Career highlights and awards
- 3× All-Star (2014, 2016, 2017); NLCS MVP (2015); 2× Silver Slugger Award (2016, 2017);

Medals
Men's baseball
Representing United States
World Baseball Classic
| Gold medal – first place | 2017 Los Angeles | Team |

= Daniel Murphy (baseball) =

American baseball player (born 1985)

Daniel Thomas Murphy (born April 1, 1985) is an American former professional baseball second baseman and first baseman. He played in Major League Baseball (MLB) for the New York Mets, Washington Nationals, Chicago Cubs, and Colorado Rockies. While primarily a second baseman, he also played first base, third base, and left field. Murphy was an MLB All-Star in 2014, 2016, and 2017. Internationally, Murphy represents the United States. In the 2017 World Baseball Classic (WBC), he helped win Team USA's first gold medal in a WBC tournament.

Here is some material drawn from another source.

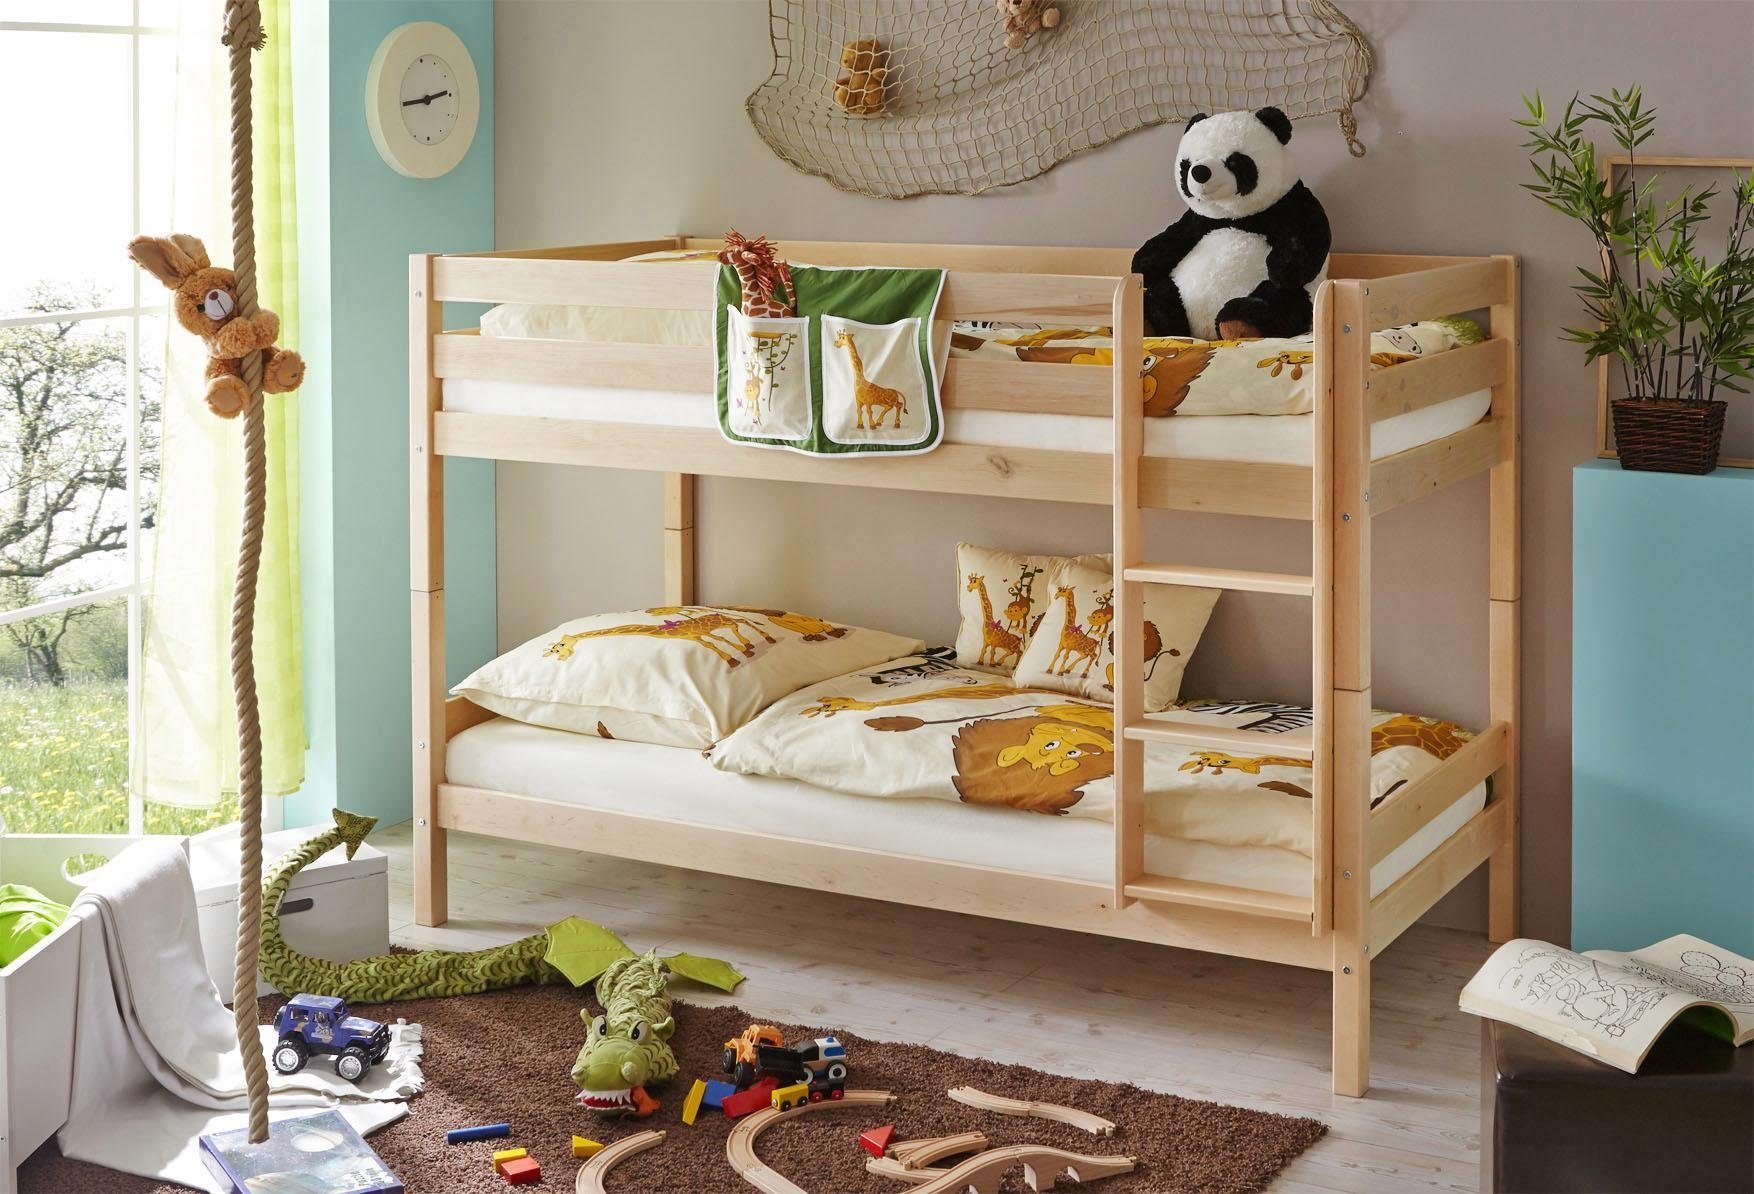 Etagenbett Rino : Weies etagenbett cool seaside oliver furniture wei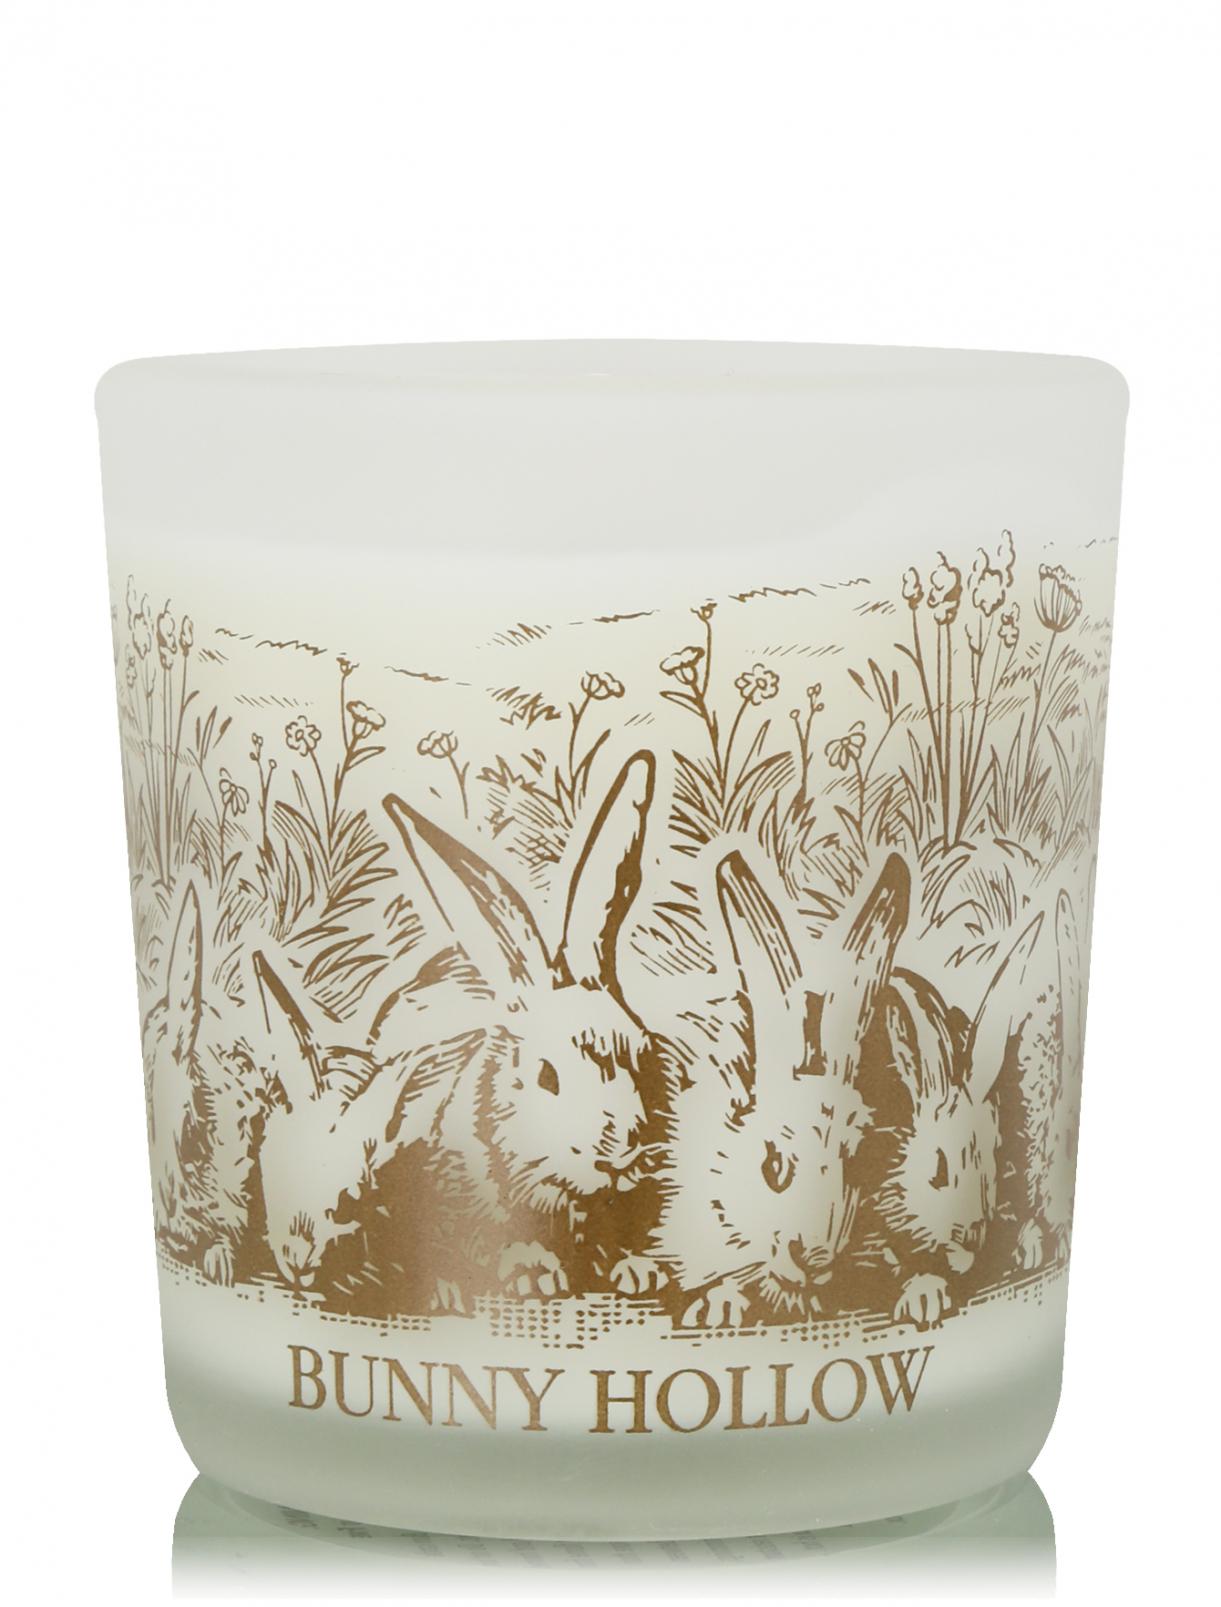 Свеча в подарочной коробке Bunny Hollow 8х8х10 см MichelDesignWorks  –  Общий вид

En route to leading the Mets to their fifth World Series appearance in franchise history, he won the National League Championship Series MVP Award in 2015, setting a record for consecutive postseason games with a home run with six.

==Early life==
Daniel Murphy was born in Jacksonville, Florida, to Tom and Sharon Murphy. Murphy has a younger brother, Jonathan, and a sister, Tricia. Murphy began playing baseball at the age of five years and played his high school ball at Englewood High School in Jacksonville. Jacksonville University was the only four-year school to offer Murphy a scholarship.

==College baseball==
Murphy attended Jacksonville University, where he played college baseball for the Dolphins under head coach Terry Alexander. In college, he was regarded as a strong hitter, but a below-average fielder. As a freshman, when asked to introduce himself and name what position he played (implying his defensive position), Murphy instead gave his preferred position in the batting order: "I'm Daniel Murphy from Jacksonville and I hit third." He mostly played third base but was also slotted into right field to minimize the defensive liability. As a junior in 2006, Murphy posted a .398 batting average en route to being named the A-Sun Baseball Player of the Year.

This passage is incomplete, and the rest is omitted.